In fact their argument is flawed in the sense that modern programs tend to do lots of stuff that their ancestors did not (which can be useless stuff, compare Word 2007 with Word 5.1 for Mac...). Moreover, modern computers have to do lots of stuff older computer did not have to do, operating systems are more complex, we expect stuff like plug and pray to work etc etc etc. It is like complaining why stuff cost less money many years ago: e.g., in "How Blue Can You Get" B.B. King sung about buying his woman a 10 dollar dinner, meant to be a very expensive one (while she thought it was just a snack). By today standards its the price of a fast food meal.

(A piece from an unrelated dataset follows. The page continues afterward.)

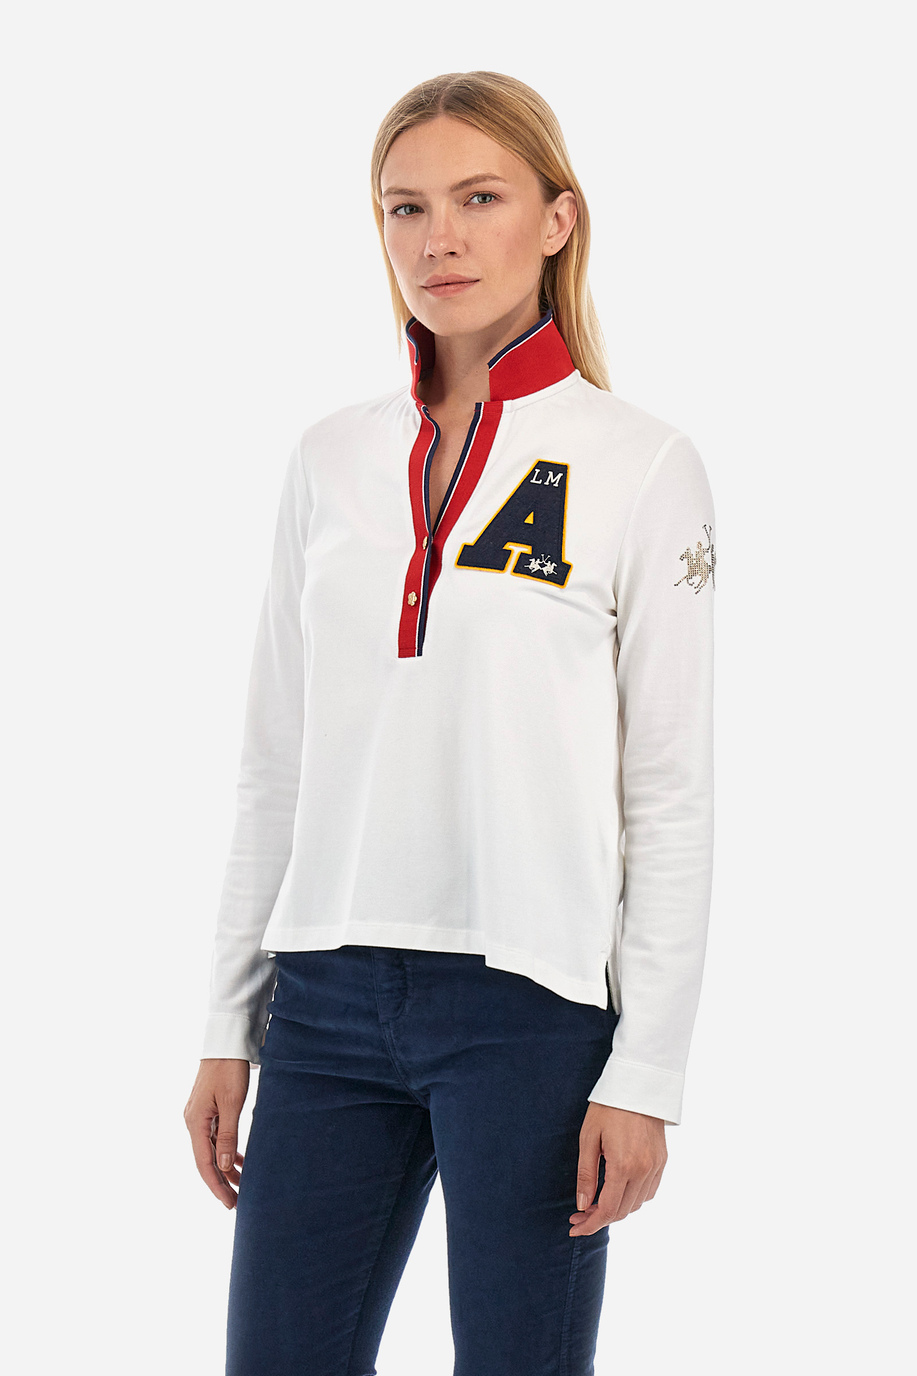 Women's polo shirt in a regular fit- Wendolyn - Polo Shirts | La Martina - Official Online Shop

However, there are some constants. Vim is a fast editor. It does not matter: 10 year ago it was a fast editor. Today it is a fast editor (and improved as well the functionality). On the other hand, while Java as a platform improved a lot in the last fifteen years, Java IDEs are always heavyweight. I was there when Eclipse was just a beta, just something more than a proof of concept. And it was slow. And huge. And now... well, it improved, of course... but I have a quad-core MacPro and its barely passable. I let you wonder how it is on the EEE.

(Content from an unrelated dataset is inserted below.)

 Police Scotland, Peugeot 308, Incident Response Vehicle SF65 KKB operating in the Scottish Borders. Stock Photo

By the way, I don't want to criticize too much Eclipse (Idea is much in the same condition....). Yes, I hate the fact that you have to put everything in a workspace. I hate that it is so much project based that you basically have to create projects for everything. But I have to admit that those tools are necessary to make developing in Java bearable (and productive). Moreover, I quite like the idea... small core, everything is a plugin. Reminds me of Emacs; just with less configuration hassle (which is good). Perhaps in another 15 year it will run smoothly on the machines they will have; Emacs took a lot of time to run fluidly on home-computers afterall.

O yeah, and I have to absolutely buy some RAM because otherwise those IDEs are going to make me die of old age while I try to finish my tasks.

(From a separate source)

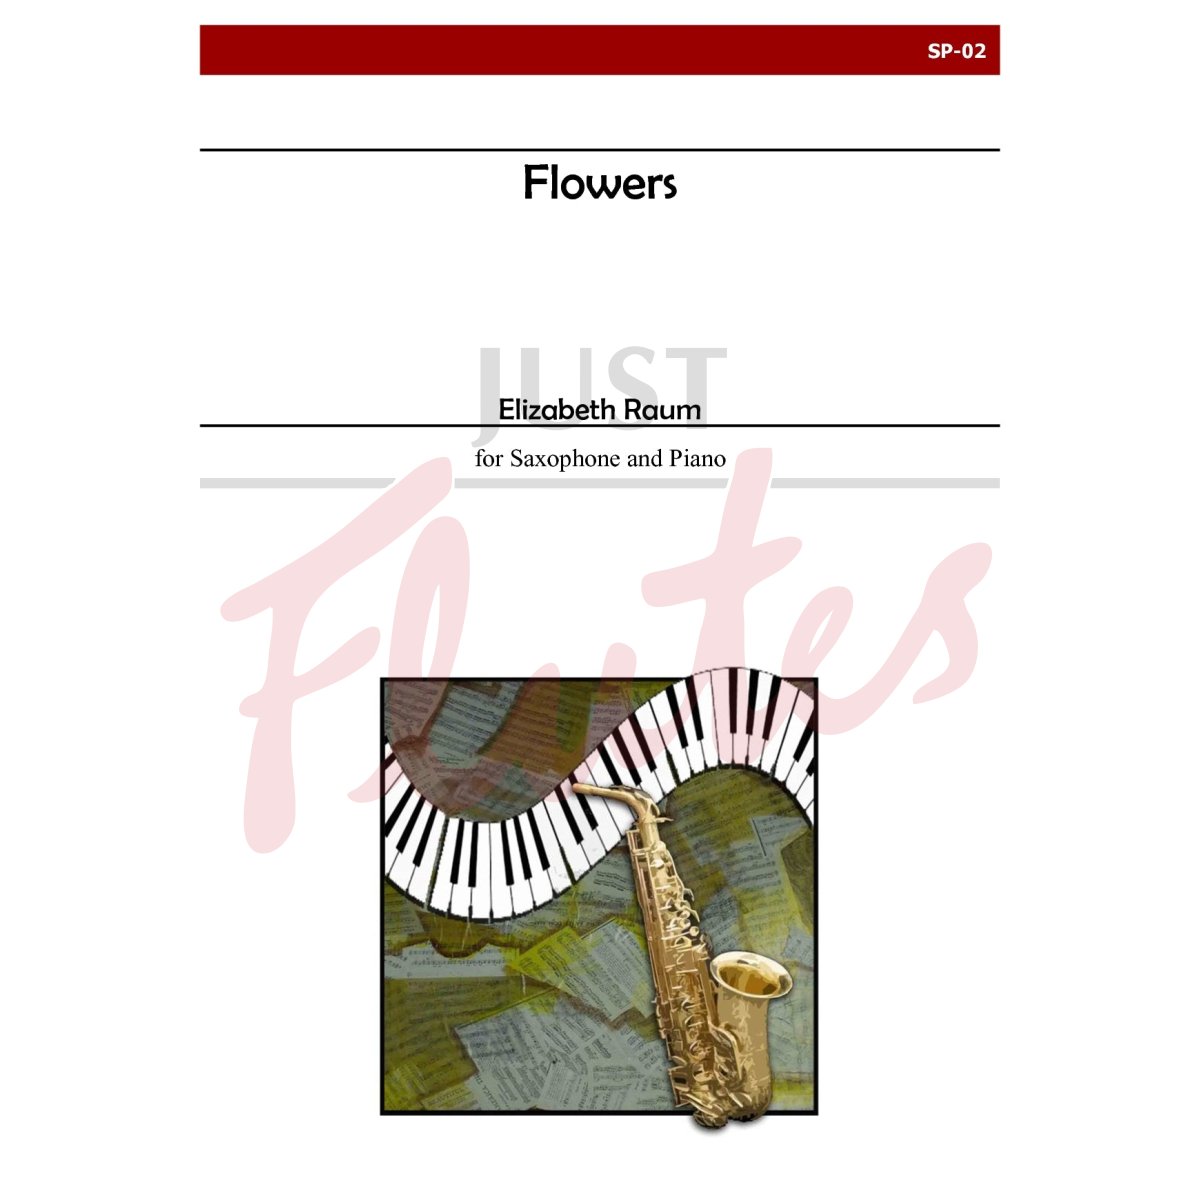 Flowers for Saxophone and Piano

Wednesday, September 15, 2010

Generics, Templates and other static typed gimmicks

From my (dynamically typed) point of view both templates and generics are a workaround to solve a problem treacherously introduced by static typing (which is static typing itself). That is to say: loss of generality. Moreover, while some type systems are quite well done (ML), others are really a PITA. I especially hated Java 1.x (with x < 5; see here) for its claims on type-safety and proudly sported static typing, while you had to manually cast back and forth from collections. Back then I quite compared the language with C++ which, with all its defects, at least allowed us to have typed collections. Besides, I am quite fond of template metaprogramming (especially when used for efficiency) and I have an insane passion for the boost library.

Quite unfortunately using simple lambda and bind in C++ increases compilation times from an unspecified amount of time. Basically I resorted to use lambda only in implementation files. Moreover, I found out that most C++ programmers simply find some usages of the templates too hard to understand and that seriously hinders collaboration.

On the other hand, I rather hated the way dynamic polymorphism (inheritance) interacts with static polymorphism (templates). In fact containers “copy” objects inside (which is good, defensive and whatever). However, this means that if you “cannot” put an object of type B inside a container of A’s, if B is a subtype of A. The problem is that you cannot create containers of A& (because stuff you put in most containers can be moved around). Essentially, you have to use pointers or better smart pointers, but that is a pita nonetheless.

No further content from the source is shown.